Tanto la oposición política nacional como los Gobiernos extranjeros que han sido críticos con el régimen castrista no saben aún si van a mantener o no el calificativo de “dictador” para el nuevo gobernante. Es todavía muy temprano para optar por nuevas estrategias o seguir con las posiciones asumidas hasta el momento.

El jueves 19 de abril se abrió una nueva oportunidad tanto para Díaz-Canel como para sus adversarios políticos. A pesar del tono de ferviente continuidad que empleó en su discurso de investidura, Díaz-Canel es el primer gobernante de las últimas seis décadas que no tiene responsabilidad directa con fusilamientos, confiscaciones de propiedades, intervenciones militares en el extranjero y otras atrocidades cometidas por los hermanos Castro.

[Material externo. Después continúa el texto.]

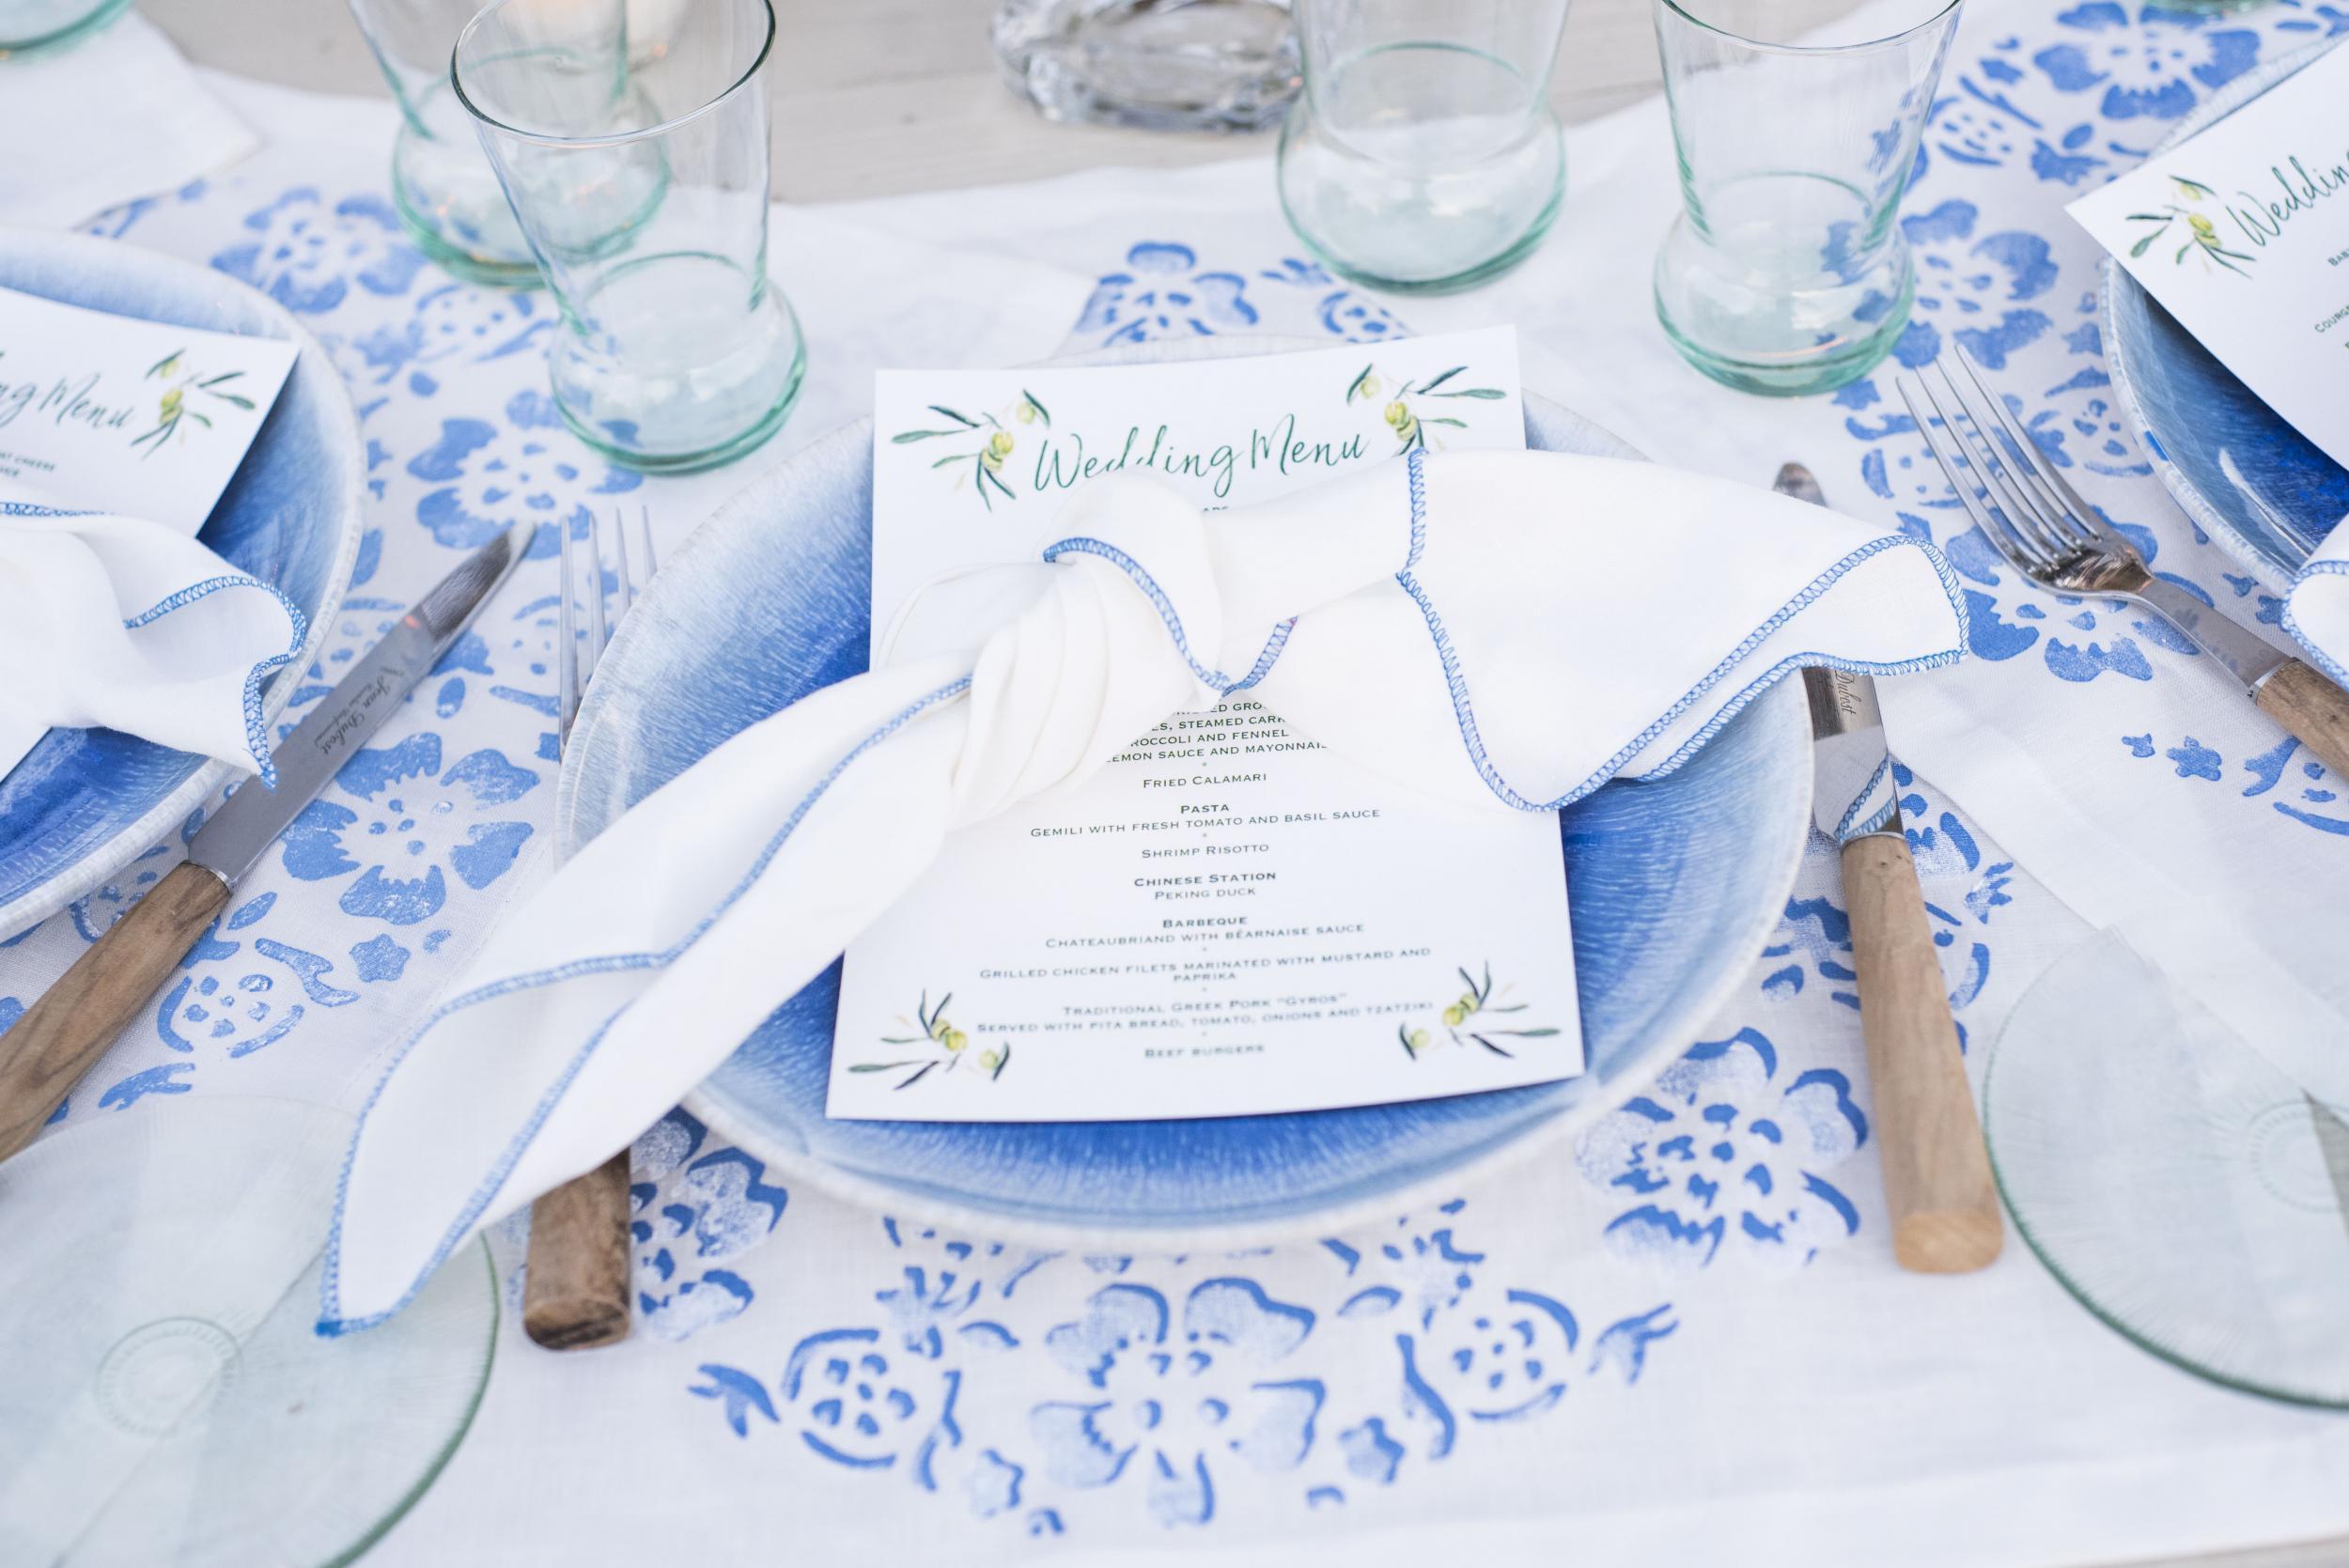 Blue plate set - Image 0

El relevo generacional es un hecho consumado ante el cual se puede reaccionar de dos formas: aprovechando lo que traiga como ventaja o negando su existencia. A largo y mediano plazo, la nación cubana saldrá beneficiada o damnificada según la reacción que se tenga ante esta nueva realidad.

La gran responsabilidad cae en primer lugar sobre el nuevo presidente. A él le corresponde dar el primer paso, por ejemplo una amnistía para los presos políticos o la suspensión inmediata de los actos represivos contra los disidentes.

Otorgarle el beneficio de la duda sería más útil que mantener una beligerancia ciega y estéril. El resquicio de esperanza que suscita la nueva situación pone a Díaz-Canel ante una disyuntiva crítica: mantenerse en la silla presidencial por la fuerza o conseguir el apoyo popular a través de las acciones de su administración.